More and more millennials are traveling nowadays but turned to social media to get attention. In this era of smartphone, people become obsessed with getting likes and comments for every travel photo and “traveling to…” status update. Millennial travel-hype is an unhealthy obsession pressuring us to travel. It doesn’t make you cool if you embark on an adventure for the sake of posting about it online. Don’t get me wrong, I am guilty too of going somewhere just so I could get a cute picture of it for my Instagram. I stalk favorite people in Snapchat. I log in to Facebook while traveling. Nevertheless, I do all of these because I want to and not to brag or impress other people.
As a 90’s kid, let me take you back to when #travelgoals wasn’t popular. People travel to get lost. The journey usually ends up discovering the unfamiliar places. There was no pressure about #ootd (outfit-of-the-day). Before then, jumping off the cliff makes you feel high without filming it. Ten years ago, travelers used to capture nature’s beauty and behold its picturesque creation. Today, taking #selfie is getting more prevalent which for me doesn’t create good memories.
Trust me, without being able to check at your Instagram, Twitter or Facebook feed you’ll be more relax and vacation is well spent. Although it is, still up to you whether or not this is good.
Here are the seven reasons why you don’t need social media to travel:
- Consider vacation a Digital Detox.
Take a break from using digital devices. I know we couldn’t have six-month vacation twice a year. So make the most of your limited leave balance whether it is a long weekend or a month-long trip. Pampering yourself is what you deserved for working so hard. Do not waste your time on social media. Rejuvenate yourself mentally and physically. Take a Yoga retreat in Chiang Mai, Thailand or learn Muay Thai. Go for a hike. That way, you become the best version of you when you get back to work. Surprise your boss!
- You can’t be stalked by anyone.
(Turn off your location.) Yes, we all need “Me Time”. Getting away from social media is all about feeling free. Traveling alone and meeting new people gives you the opportunity to discover yourself. I went backpacking in Europe alone. When I reached Paris, its charm was overwhelming. I spent a day at a park, placing myself in front of the Eiffel Tower and enjoying my three-euro wine and a snack. It was one of the happiest days of my life. Of course, don’t forget to tell your family and best friends where you at. Call them instead of allowing them to find out via the same photos you send to the whole world.

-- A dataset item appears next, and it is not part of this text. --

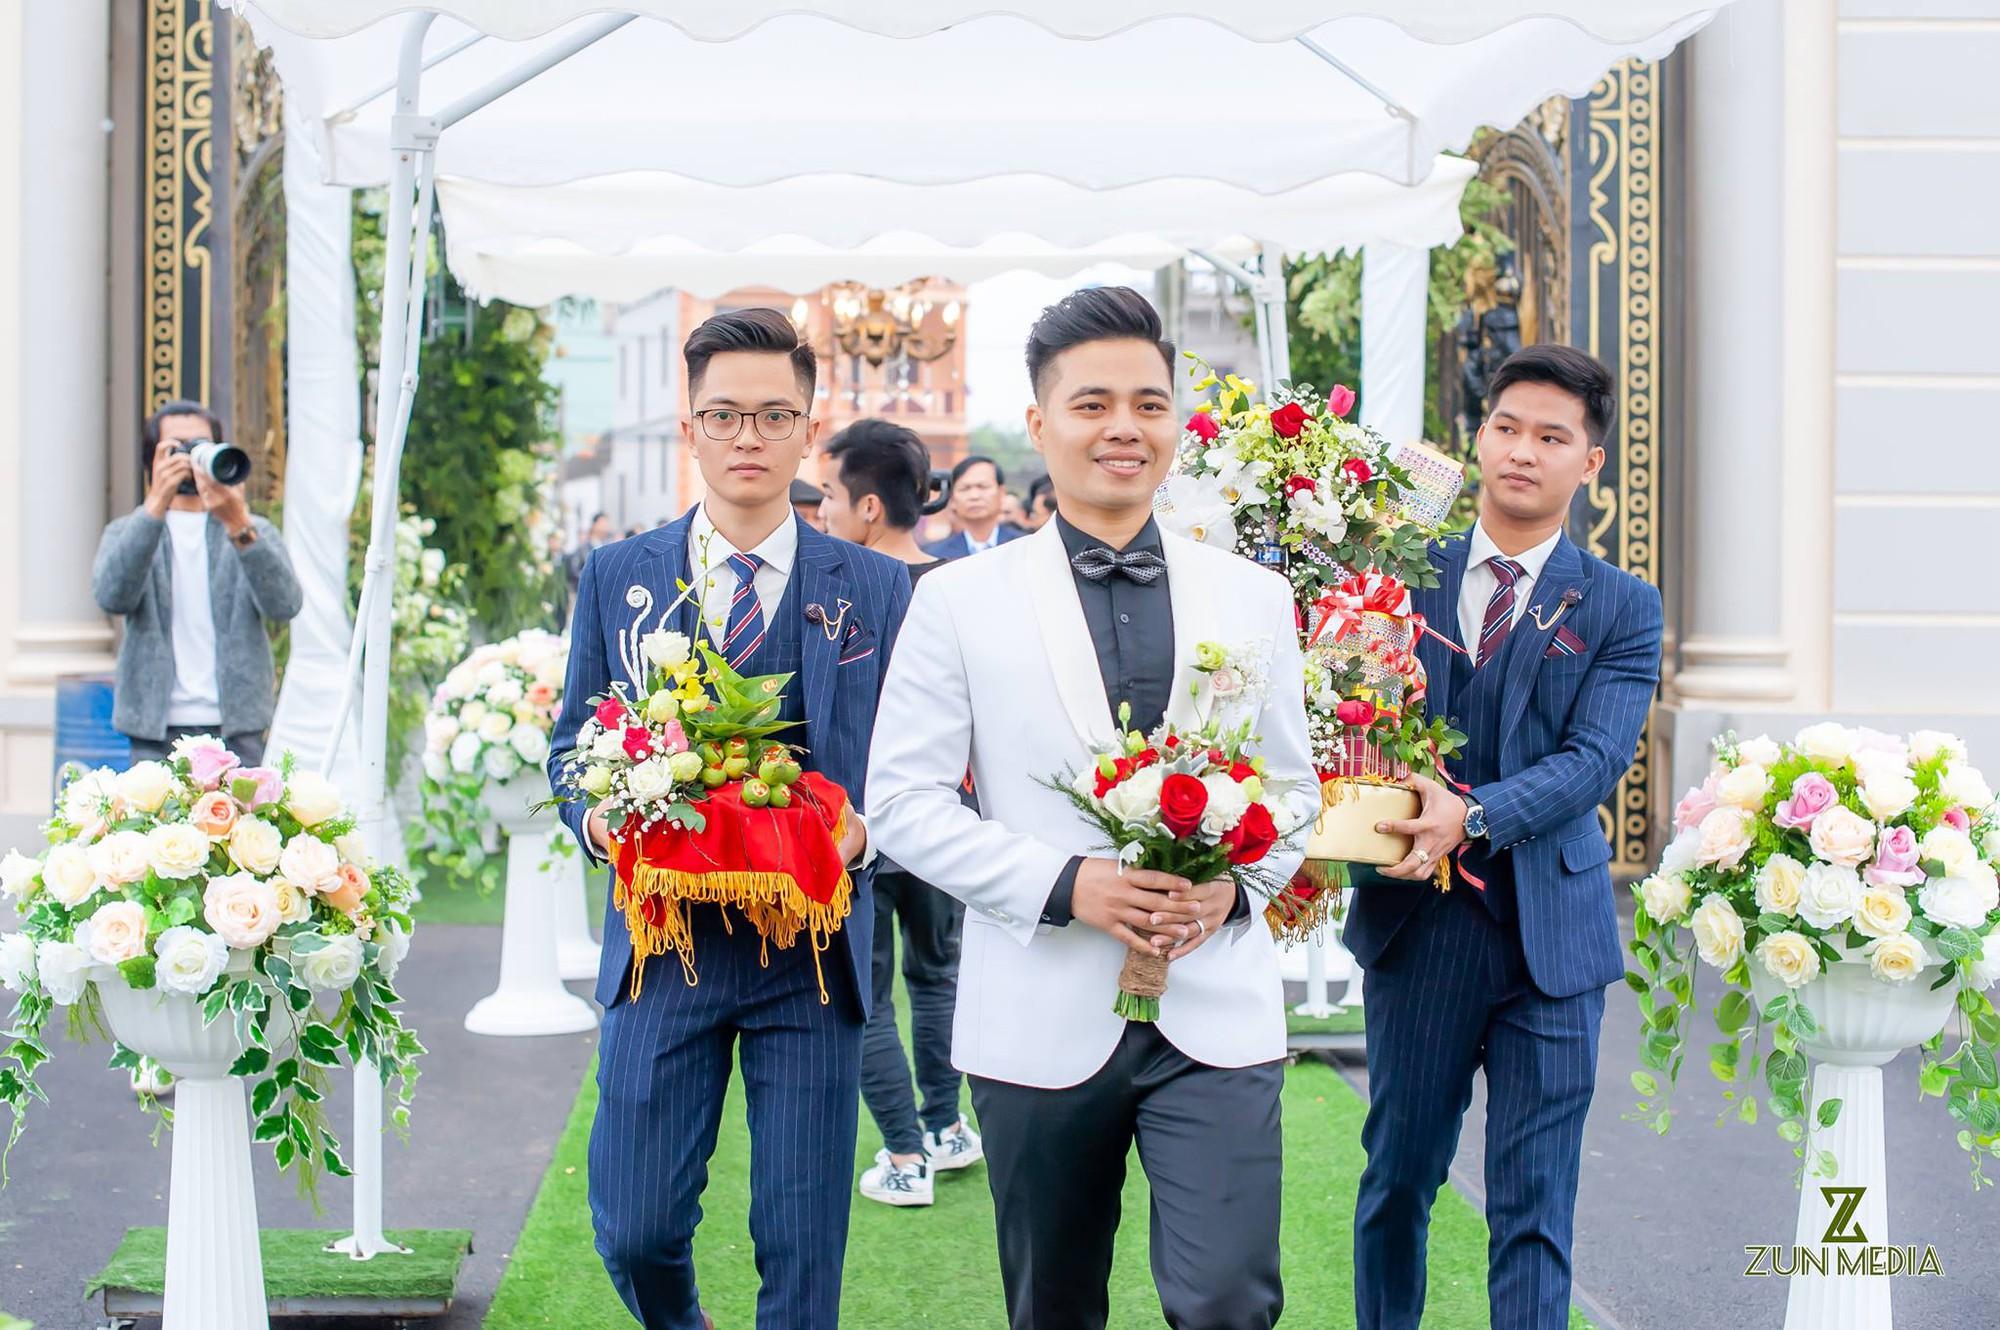 Bộ ảnh cưới đẹp như mơ cùng gia thế khủng của cô dâu vàng đeo trĩu cổ sống trong lâu đài 7 tầng ở Nam Định - Ảnh 5.

- Do not brag your vacation photos to your friends.
Your friends couldn’t wait to hear your stories and not your scripted photos. Believe me, they are more likely to enjoy talking about how your experience was seeing the magical sunrise in Ankor Wat, Siem Reap. Stop over-posting your vacation photos or you’ll be missing out on something extraordinary. Nevertheless, it’s great pleasure to see magnificent architectures in Barcelona if you are not busy filming or taking pictures.
- Be “Social”, set aside “Media”.
Are you glued on your smartphone scrolling through friend’s posts? Trying to capture the same spot where your friends been to? When you’re on vacation, “social” and “media” must be separated. Media caused us to be conscious about what people think of us. Remember, you are responsible in everything you posted online. People might like it but some will bash you. Who cares? So, focus on social interaction. Social happens when you meet amazing travelers along the way and share stories. The best things in life happen off-screen.
- Social Media recommendations are bias
Admit it; friends’ shared photos have inspired us to travel. The rise of Instagram-worthy travel photos made us packed our bags and hopped on an adventure. But we arrived in our destination all excited only to realize that the place was not as beautiful as it was in the picture. It’s very disappointing how our expectations weren’t met. We rely so much on social media platforms to find out where to go, when to go, and what to do, see and eat when we get there. It turns out it was just a marketing strategy. Perhaps, the best way to find out authentic experiences is to take it from the person who actually experienced it.
- Immerse yourself in the experience.
Seriously, if you are suffering from a disease called SMA (Social Media Addiction) time to treat it. Disconnect even just a few hours and immerse yourself in the experience. I remember when I was crossing the border between Cambodia and Vietnam. I met few backpackers and they were all using printed maps and guidebooks. You can never find google map and definitely no smartphone in them. It was a challenging experience asking locals for the directions.
We struggle with insecurity. Scrolling through our newsfeed often results from comparing our life against others. You found your not-so-achiever old friend posted pictures of recent grandiose European trip. Although you like how far she’s gone, somehow it caused you to question your accomplishment. That triggers your unpleasant feeling. For most of us, Facebook is our way to show the best version of ourselves but not our real version. Reality is what lost on social media. So, avoid looking at profiles of people who triggers your thoughts of comparison. You have nothing to get but anxiety.